While there are some relative certainties in fantasy football, doubling down on an outlier such as Ryan – he finished second in fantasy scoring among QBs last year, when he won the MVP, after finishing 19th the year before — is particularly problematic. Look no further than Panthers QB Cam Newton in 2015 and 2016 for an example. He led all QBs two seasons ago in what was an MVP-winning career year, went as the first quarterback in almost every league, and finished 2016 at No. 17. Regression isn’t a certainty for Ryan, but drafting him with only an eye for what he did last season puts you at major risk of not getting the value you need out of that selection.
5. Wait to draft a QB or a TE, if you can. But once you do, take two.
If you’re adhering to the “take the best player available regardless of position” approach advocated for earlier in this story, then you have to be ready to snap up a great value when you see one. But if those don’t present themselves early on at quarterback and tight end, consider waiting until late (like the ninth or 10th rounds) to draft one.

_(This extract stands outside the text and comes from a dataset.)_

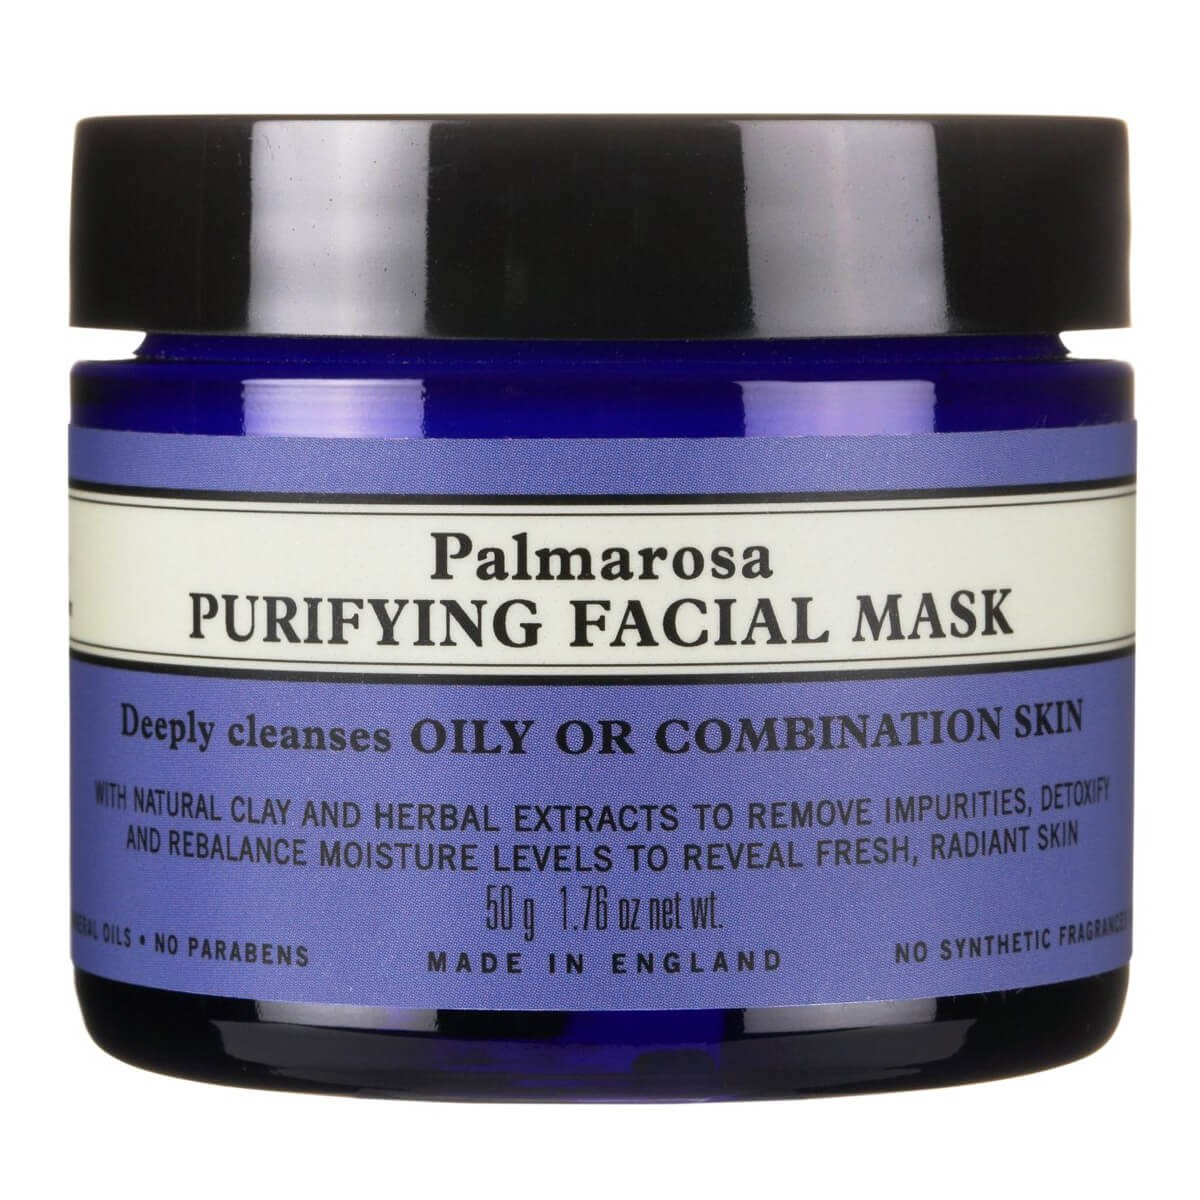 Neal's Yard Remedies Palmarosa Purifying Facial Mask

There are a lot more late-round starters to be found at those positions (among QBs this year: Dak Prescott, Matthew Stafford, Philip Rivers; among TEs this year: Hunter Henry, Jack Doyle, Jason Witten) than there are at running back and wide receivers, the latter two of which are the most critical starting spots in your lineup to fill each week. If you can enter the 10th round with, say, four wide receivers you like to go with five running backs you like, you could spend your next four picks grabbing a pair of starting-caliber QBs and tight ends, giving yourself two chances to come away with a very strong starter at the position. Then you can lean on your superior roster depth all year at RB and WR.
6. Use your late-round picks on unfulfilled potential
ESPN analyst and former NFL general manager Bill Polian said during the 2017 NFL draft telecast that when you get to the later rounds of the draft, that’s when teams should target talented guys who underachieved in college, not the hard-working overachievers who have fallen due to a lack of elite athleticism.
The thinking behind it is that late-round picks rarely produce starting-level NFL players, so you’re better off finding a guy who has untapped potential to be unleashed by the right coaching staff than you are someone who is physically limited to excel at the pro level.
You should apply the same approach to your fantasy team. When you get to the 12th round (if you’re not taking a QB or TE there, as described in Step 5) and you’re deciding between, say, Falcons possession receiver Mohamed Sanu and Buffalo rookie Zay Jones, take Jones. Not only does Jones have a chance at a sizable role this year, but his youth gives him an upside that Sanu, as a veteran who has more or less proven what he is, doesn’t.